Maybe close up in-focus picture of the 3-way power solder connections would be good to start with. I mean, if you were here that would be the first thing I would probably look at. Of they look good, then measuring voltages would come next, for all power rails.
You should be able to measure 3.3v power on the FIFO board clock pins, and the TI D-Flip Flop that clocks the I2S signals. Not sure what the third regulator on the FIFO board powers, but I would find one of those devices and measure the power on its pin to make sure its actually getting there okay.
The status LEDs appear to be mostly controlled by the Ian Sabre controller. It reads most if not all of the status from the dac registers.
One possible thing to look out for is that the little UFL cable connectors can easily get bent up from improper insertion/removal. In case the dac chips aren't receiving clocks, you might example the UFL connectors under a magnifier. Sometimes the ground prongs get loose from pulling the connectors out on an angle.
You should be able to see clock pulses on the UFL clock cable if you are very careful with probing. It is also possible to measure at the UFL connector on the dac board with a sharp tip probe where the socket center pin connection is soldered to the board. It may help to have two people, one to hold the probe and one to operate the scope controls (unless you are able to do one thing with each hand).
You can also use the scope to measure the 3.3v power you brought in verify good, stable, clean DC voltage.
If you can get it to the point you can hit play, then you should be able to see all three I2S signals on the 40-pin GPIO connectors using the scope. The clean and dirty connectors should both have the signals. Clean signals will have the FIFO delay added.
Greg, excuse me while I try out a little American:
You are the man
Thank you for that very useful piece of Sherlocking.... Of course I would have made the separate clock power option a lot easier to explore if I hadn't ditched the adaptors and soldered my clocks straight onto the board
@simon dart...
A VERY forgetful man.
I DID think about this... if you think you can remove / replace the clocks without harm, you could:
1. Pull them.
2. Use solder-wick to clean the pads.
3. Solder a small tag of copper foil onto the power pad on the board with the tag end going past the end of the pad for access.

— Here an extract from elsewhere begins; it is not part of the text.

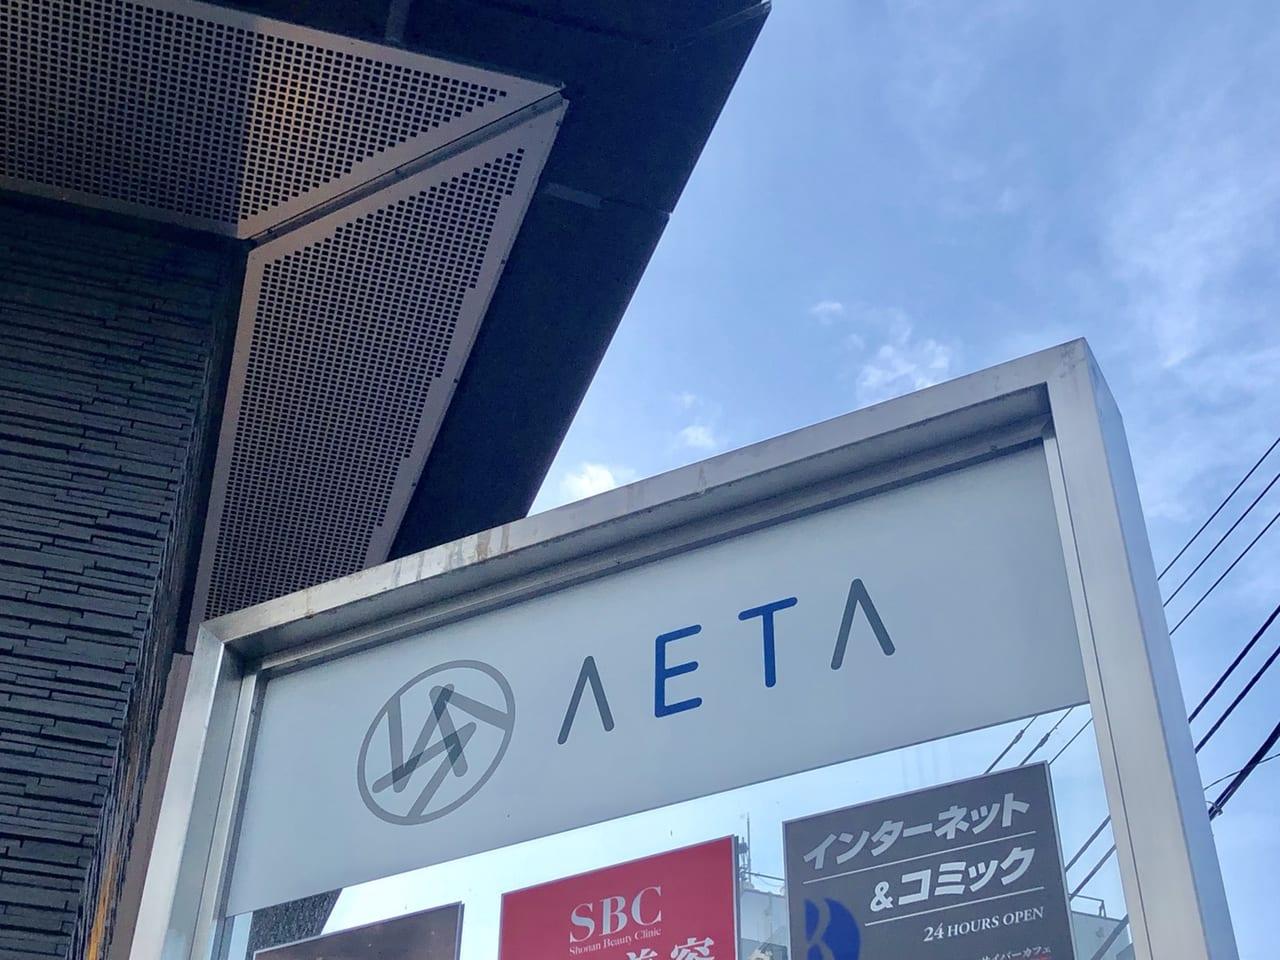 AETA町田

4. Put a small piece of Kapton tape over the power pad and the copper foil tag on the board, leaving the excess end un-covered.

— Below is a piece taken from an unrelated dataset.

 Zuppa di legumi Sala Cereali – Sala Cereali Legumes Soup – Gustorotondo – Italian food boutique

5. Solder a small tag of copper foil to the power pad on the clock with the tag end going 90 degrees to the board tag.
6. Solder the clock back down onto the 3 pads.
7. Solder a small piece of wire between the tags to power the clock from the board.
8. Cover the board pad tag with Kapton tape and solder the wire lead to power the clock from an external supply.
Easy... except for the microscopic soldering!
@aguaazul, good troubleshooting tips from @Markw4. My question... Which HiFiBerry driver? AND did it ever work using that driver? The HiFiBerry DAC+Pro driver is designed for a DAC operating in master mode where the appropriate clock signal is sent to the RPi (as a bitclock signal) and the driver uses that as the master clocking signal to generate the I2S stream. That won't work with the FiFoPi and Ian's DAC boards which run in slave mode. BUT some other HiFiBerry DACs DO run in slave mode... their drivers will likely work with Ian's GB DACs. BUT you are safer using a generic I2S driver or one for an ES9023-based DAC.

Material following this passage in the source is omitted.